Suaranusantara.com– Menteri Perdagangan (Mendag), Budi Santoso menyebut massa tugas satuan tugas (Satgas) impor ilegal bakal dilanjutkan pada tahun 2025.
Hal itu diungkapkan Budi Santoso saat diwawancarai di kantor Kementerian Perdagangan (Kemendag), Jakarta Pusat, pada Senin (06/01/2025).
“Kemarin sudah dievaluasi jadi rencana akan dilanjutkan,” kata Budi.
Menurutnya, Kemendag dan sejumlah kementerian dan lembaga (K/L) terkait akan melakukan rapat koordinasi untuk perpanjangan massa tugas Satgas impor ilegal tersebut.
“Nah ini saya minta teman-teman untuk kumpul lagi, untuk koordinasi dengan K/L, dan apa namanya perpanjangannya sedang kami siapkan, perpanjangan SK-nya,” ungkapnya.
Budi mengaku, pembahasan soal perpanjang massa tugas tersebut telah disepakati antara kementerian dan lembaga terkait.
“Sudah, sudah final. Kemarin kan sudah rapat di mana, di Bandung ya. Sudah dikumpulkan dan semua sepakat untuk diperpanjang,” ujarnya.
Budi menyebut, rapat koordinasi nantinya bakal membahas soal massa tugas dari Satgas impor ilegal tersebut.

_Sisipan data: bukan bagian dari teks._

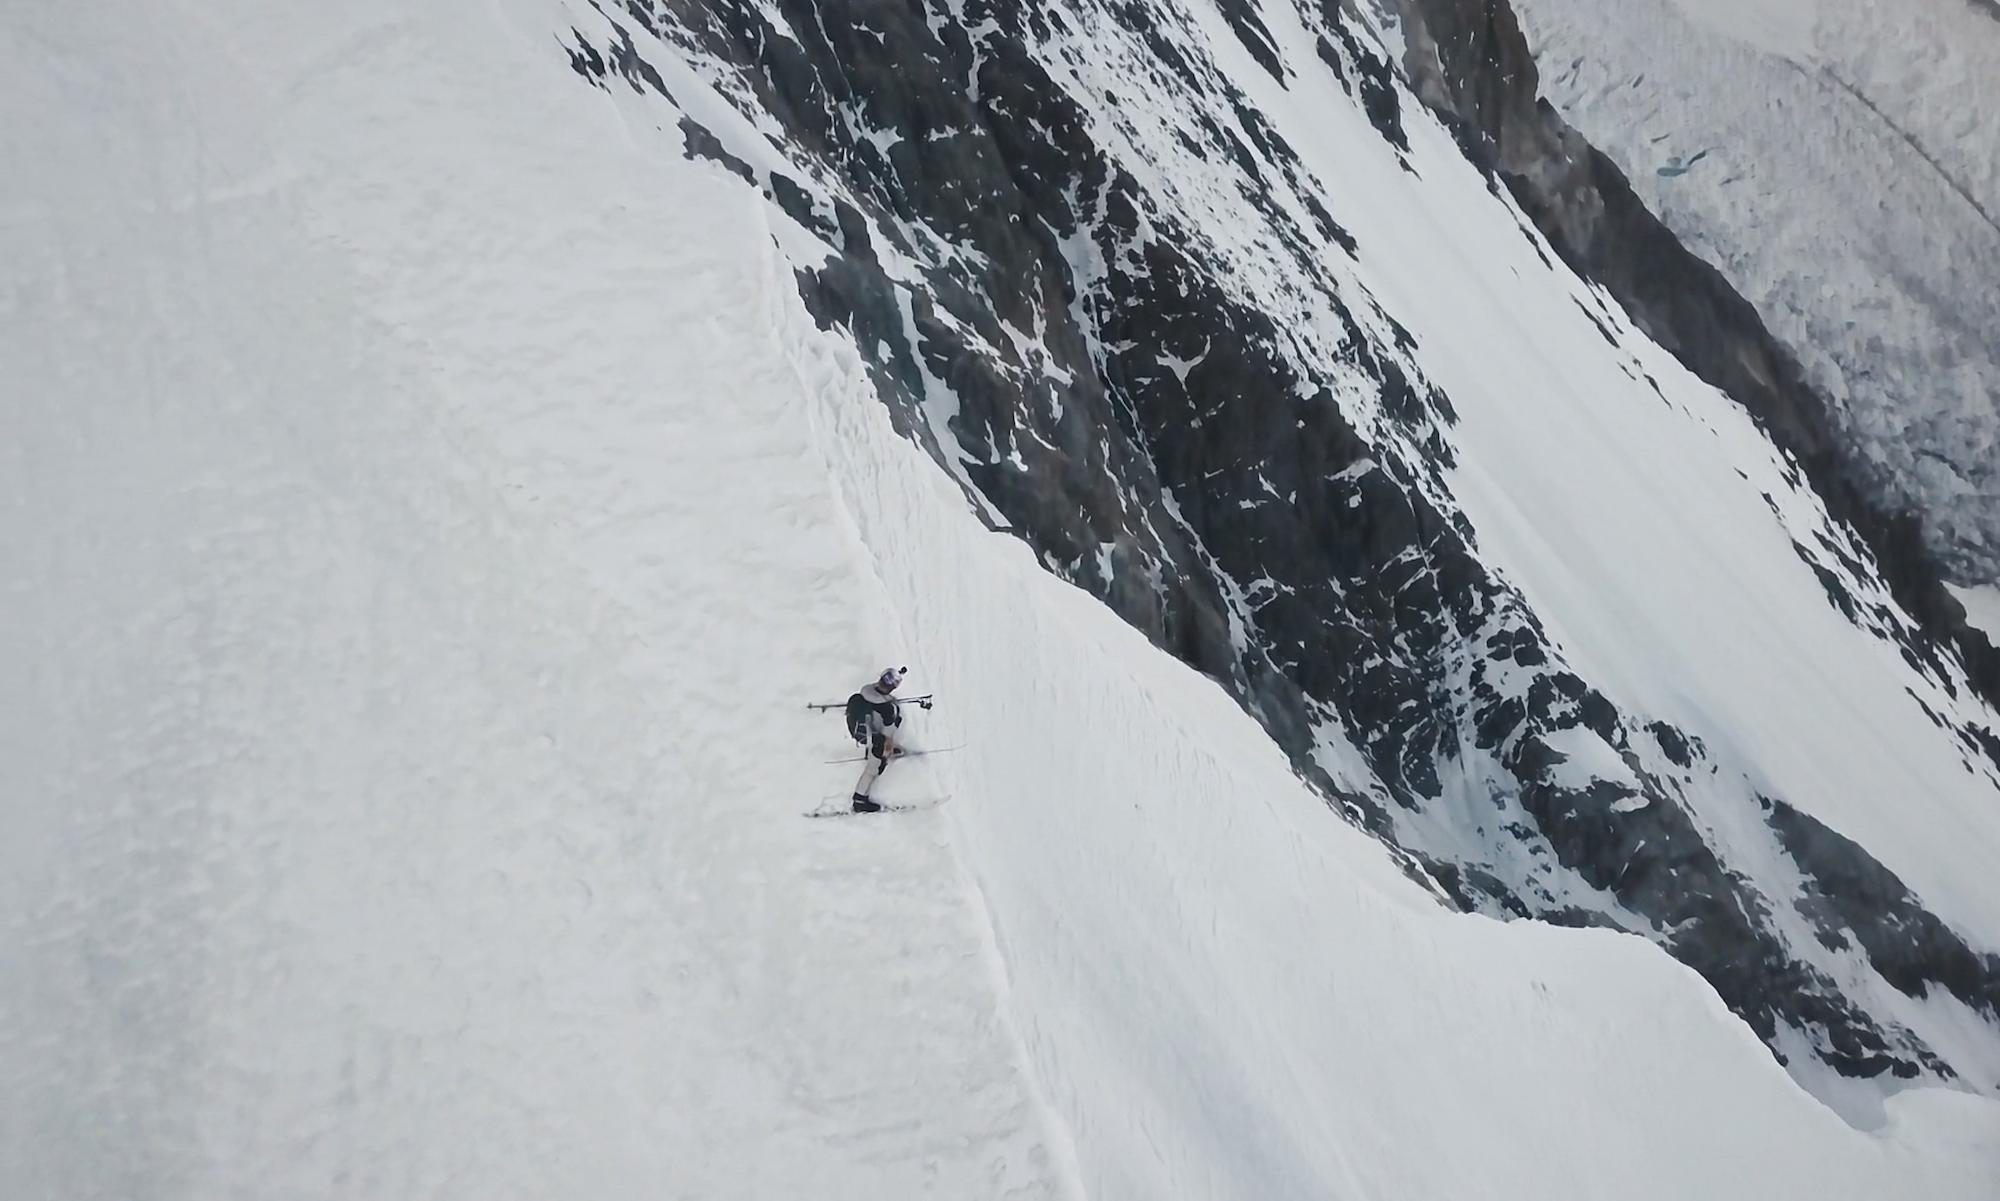 Andrzej Bargiel descending K2 on skis

“Ya ini yang kita bakal bahas, apakah satu semester atau langsung satu tahun. Karena kan kita harus lihat perkembangannya. Mudah-mudahan ke depan nanti tidak ada lagi pelanggaran,” jelasnya.
Lebih lanjut, Budi menambahkan, Satgas impor ilegal tersebut akan bertugas mulai tahun 2025.
“Per tahun ini, kan habisnya per Desember 2024 kan, per tahun ini sudah,” pungkasnya.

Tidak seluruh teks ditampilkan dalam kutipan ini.